Il y a une journée, j’étais malade quoi, on tournait une scène dans la cabine et je devais rester, j’en pouvais plus, je sortais vomir, je revenais, on tournait, je sortais vomir et j’ai passé. J’ai passé ma journée à vomir quoi, et j’étais épuisé. Le lendemain, je suis arrivé sur le le bateau, j’étais encore malade. C’est le tournage le plus éprouvant que j’ai fait, mais c’est pas ça qui fait un bon film. C’est parce qu’on est passionné, on y a mis tout notre cœur. Donc on a ramené un objet très atypique pour la télé, mais en même temps très dense, très vrai, très dépouillé, très sincère, avec beaucoup d’émotions. Une vérité, quelque part dans ce monde entouré de virtuel, je pense que les gens ont besoin peut être de cette sincérité.
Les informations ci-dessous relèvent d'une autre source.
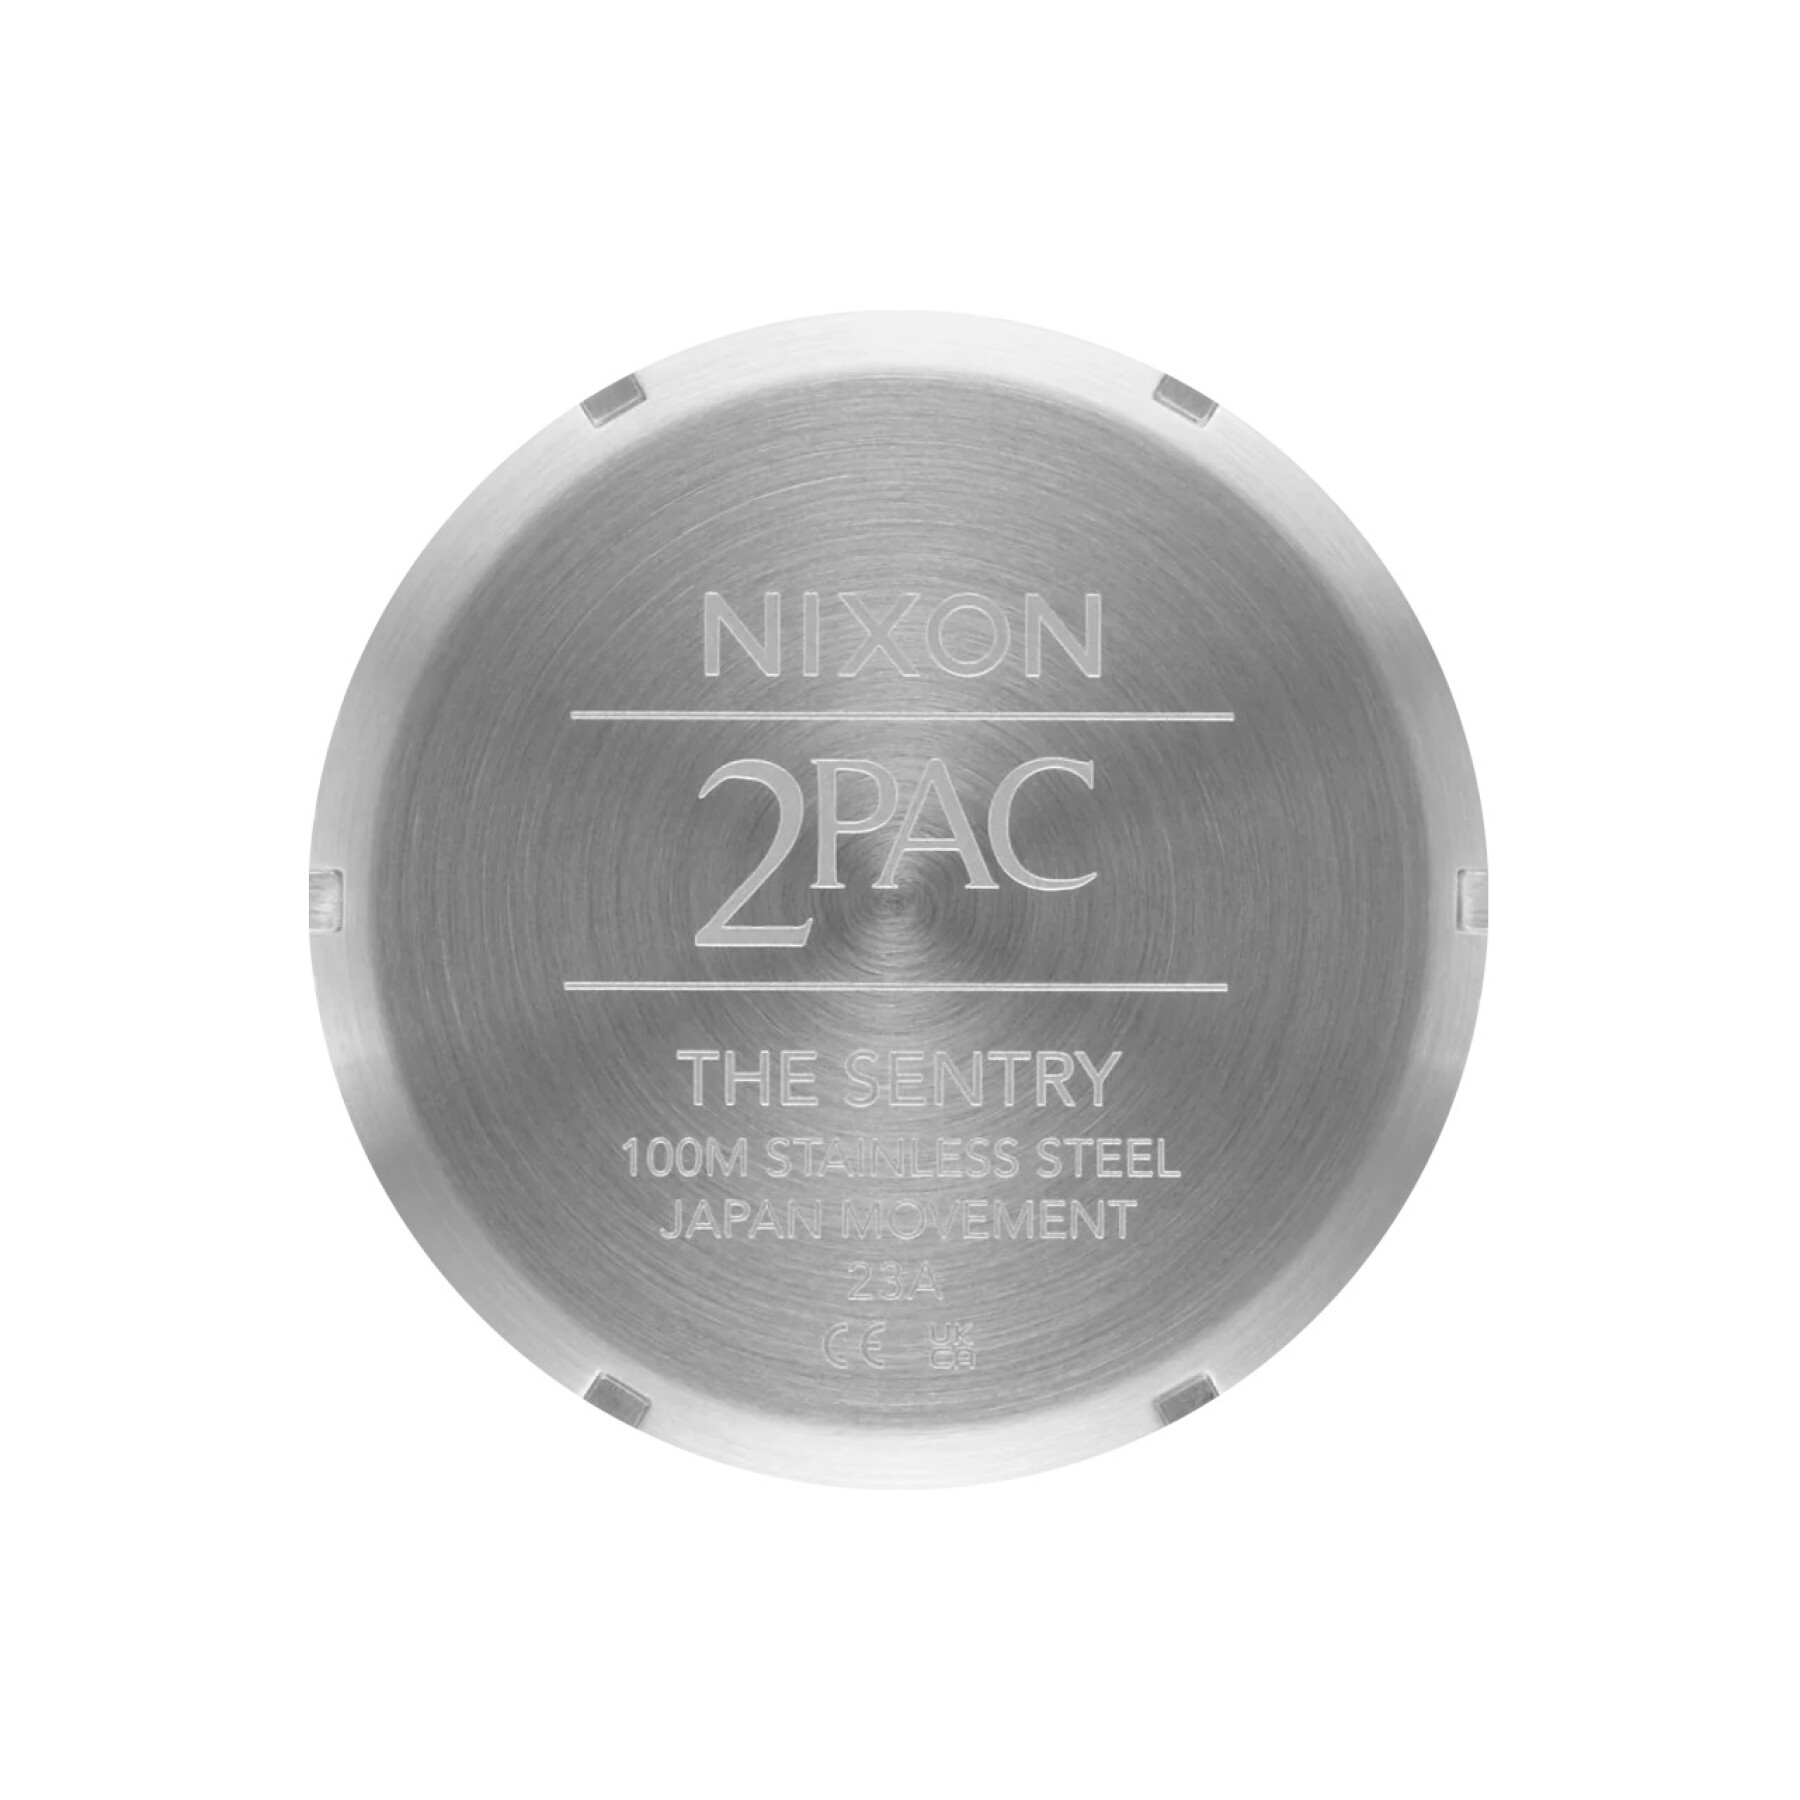 Montre acier inoxydable Nixon Tupac Sentry

Nous on on fait ce métier pour ça. Évidemment on fabrique des histoires, c’est pour distraire les gens, mais dans cette distraction, on y met des messages profonds. Par exemple, pour mon rôle d’Alex Hugo, ça parle d’environnement, ça parle de justice, ça parle de solidarité, ça parle d’écoute, pour ressentir les choses pour lesquelles on n’a plus le temps. Et Alex Hugo, c’est un rythme lent, c’est l’inverse, on est arrivé à contresens de la mode qui était « des montages rapides sur des formats courts de 56 Min ». Là on faisait 01h30, c’est très contemplatif. Un rythme posé où on prend le temps de l’écoute et du ressenti et c’est un rythme humain.
Et là on propose une histoire qui a la même puissance avec la mer. Donc on retrouve les éléments, on retrouve le moment où l’homme sur son bateau n’a plus rien et il est obligé de revenir à la base de la vie. Alors évidemment, ça parle de courage, ça parle de détermination, ça parle d’engagement, mais ce sont des vraies valeurs.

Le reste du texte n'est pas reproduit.